While Canada concedes that the effectiveness of the national regulator would be compromised if a province chose not to opt-in, it submitted that the Court should defer to Parliament’s judgment on the means chosen to implement its policy. The question of whether provinces can opt-in, and what kind of arrangements can be made to facilitate opting-in, is not a matter which a Court can make a decision. Furthermore, the choice to implement policy via an opt-in mechanism should not undermine the Act’s constitutionality because the Act could be unconstitutional even if every province chooses to opt-in.

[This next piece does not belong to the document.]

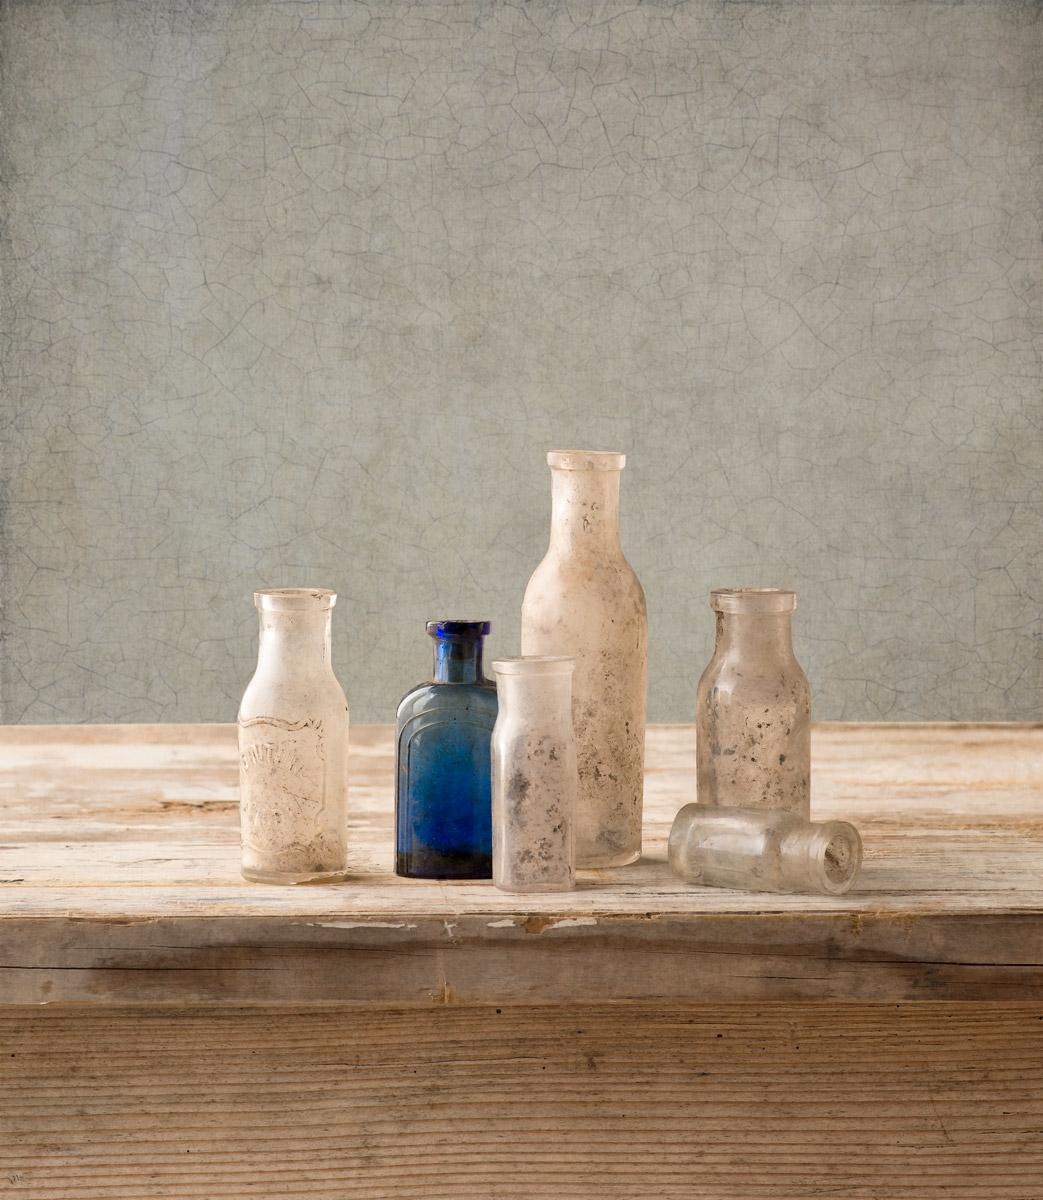 Teinture - vintage, french, bottles - tinekestoffels | ello

While there are good reasons to defer to Parliament on the opt-in feature, we must also remember that the General Motors criteria are not meant to be a test, but rather indicia—i.e. it may be possible not to meet all the criteria and still pass the test. The attempt at collaborative federalism through this opt-in feature might be a good reason not to rely too strongly on this particular criterion.
The elephant in the room
During oral argument, both Deschamps J and McLachlin CJ seemed to be wary of what would follow if they accept that the proposed national securities regulator in pith and substance relates to the trade and commerce power. The Court seemed to have in mind that once you accept this conclusion, it would be open to Parliament to get rid of the opt-in feature, and potentially use the doctrine of Paramountcy to establish a mandatory federal securities regulation. The result is that the provincial power to regulate securities would be completely eviscerated, which concerns people who think that this process should facilitate a balance in our federalist state. The Chief Justice, during the submissions of the Canadian Banker’s Association, mused that this question might require a “Securities Reference No. 2”. While the Act does not contemplate the use of Paramountcy, I am sure the Court will have this point in mind in formulating its reasons.
While this post has pointed out some concerns about the constitutional arguments in favour of a national securities regulator, I would still be surprised if the Court did not find it to be a valid exercise of the federal government’s powers. It will be interesting to see how the court tailors the General Motors test to address the concern, most strongly raised by LeBel J. at the hearing, that a generous reading of the trade and commerce power will ultimately create a unitary state in respect of economic matters. Whatever the outcome, this reference gives the Court the opportunity to study the balance of federalism in detail, and I look forward to reading the Court’s ruling with interest.